Cole has also worked intensively on Hebrew literature, with special emphasis on medieval Hebrew poetry. His 2007 anthology, The Dream of the Poem: Hebrew Poetry in Muslim and Christian Spain, 950-1492 (Princeton)—recipient of the National Jewish Book Award and winner of the American Publishers Association's award for Book of the Year—traces the arc of the entire period. Poet and translator Richard Howard described Cole's work as "an entire revelation: a body of lyric and didactic verse so intense, so intelligent, and so vivid that it appears to identify a whole dimension of historical consciousness previously unavailable to us." The New York Times Book Review wrote that "his versions are masterly."

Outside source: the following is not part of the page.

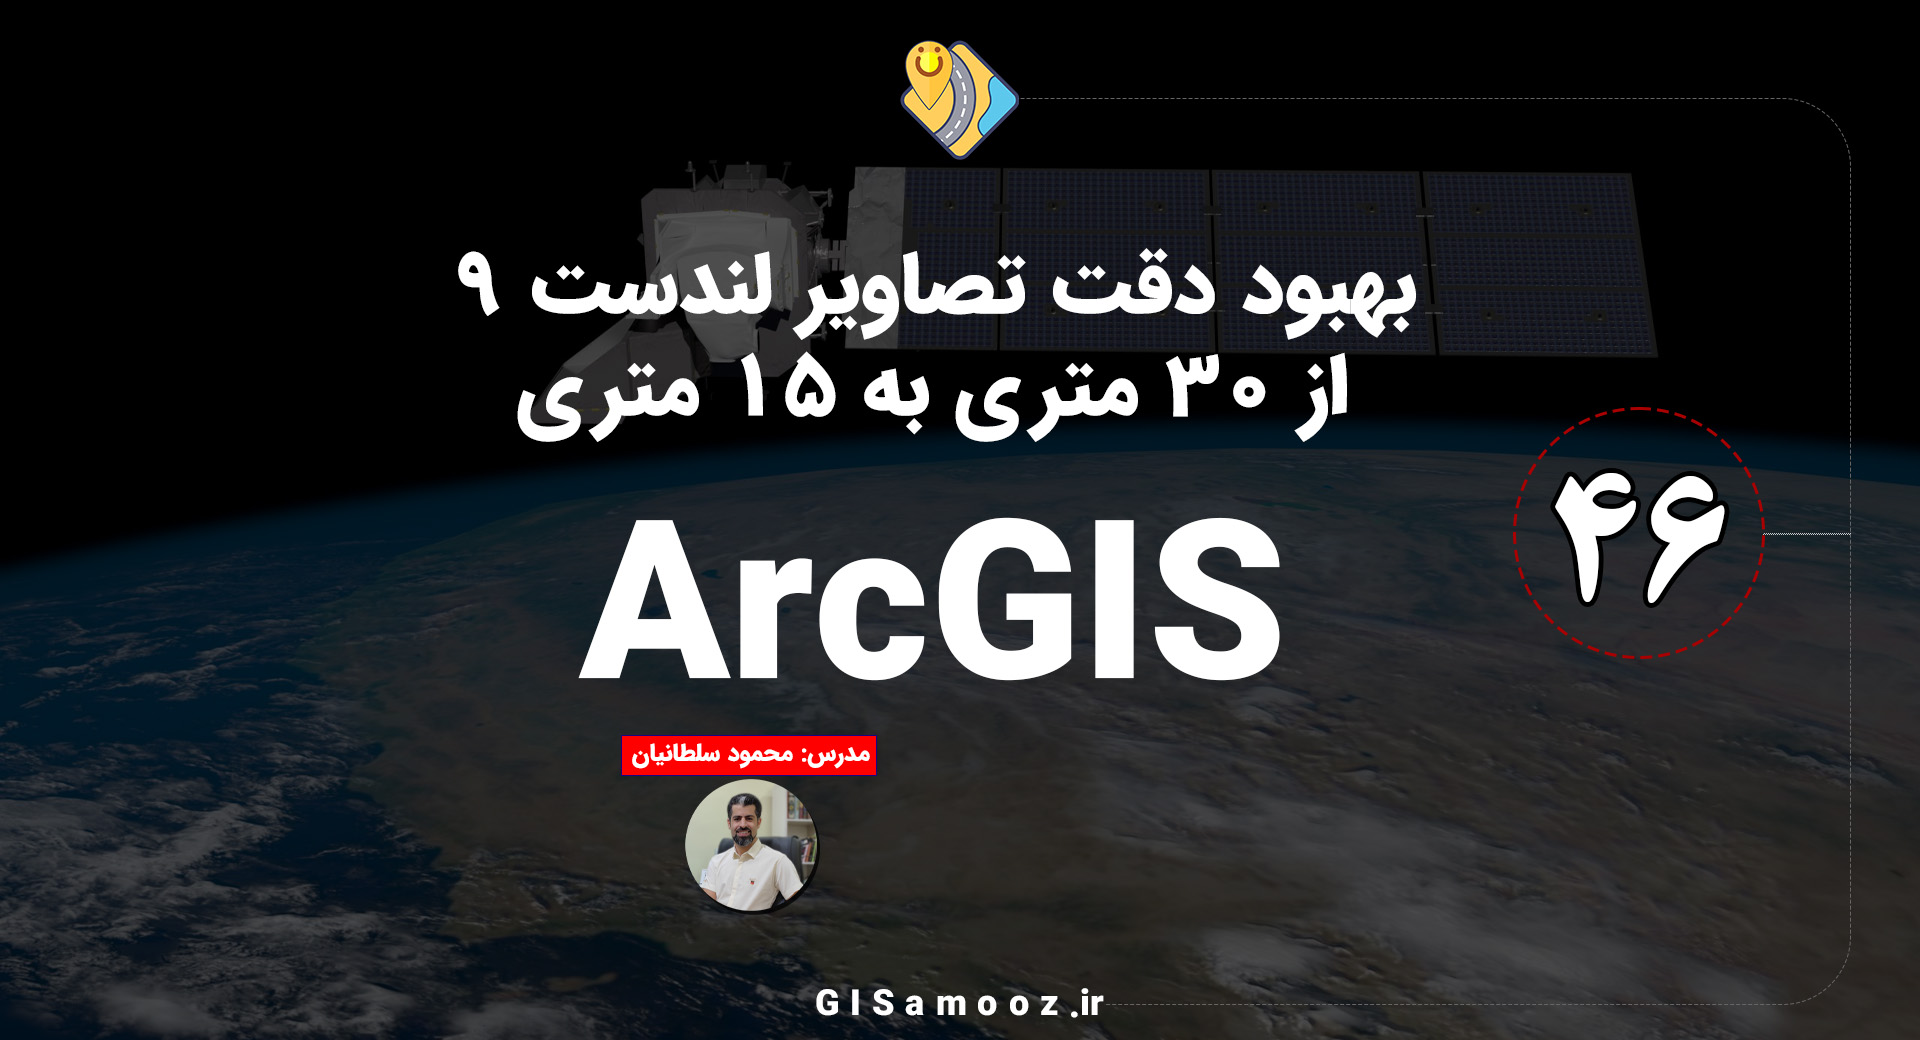 دوره رایگان ArcGIS برای تصاویر ماهواره ای لندست

Cole's first book of poems, Rift, was published in 1989 by Station Hill Press. His subsequent volumes of poetry include What is Doubled: Poems 1981-1998 (Shearsman, UK), Things on Which I've Stumbled (New Directions, 2008), and The Invention of Influence (New Directions, 2014), which was a finalist for the Poetry Society of America's William Carlos Williams Award. That book included an extended dramatic poem about the maverick Vienna psychoanalyst Victor Tausk and his notion of "the influence machine." In a 2013 interview with Bookslut, Cole talked about the poem as "a case history of susceptibility" and about the influence machine as a figure for literary tradition: "We're always being manipulated by forces outside us -- familial, fraternal, sexual, social, and literary presences that have brought us to a given moment or scene of 'translation,' or expression. And then we're taken over, as it were, or even possessed by the various presences that enter our lives, for better and worse -- consciously and unconsciously. We're inhabited. These presences live on in us and in some cases become ingrained in us, as habit. And these habits in turn draw other presences to and through us. As poets, as makers, even as readers, whenever we're in the space of the poem, we're constantly in the process of being made and being had -- in all senses of the term, positive and negative. There's something marvelous and exhilarating about this, but also terrifying. One's made greater, clearly, but also runs the risk of ceasing to be one self, which is to say, oneself."
Peter Cole is a MacArthur-winning poet and translator who lives in Jerusalem and New Haven. Cole was born in 1957 in Paterson, New Jersey. He attended Williams College and Hampshire College, and moved to Jerusalem in 1981. He has been called "one of the handful of authentic poets of his own American generation" by the critic Harold Bloom. In a 2015 interview in The Paris Review, he described his work as poet and translator as "at heart, the same activity carried out at different points along a spectrum."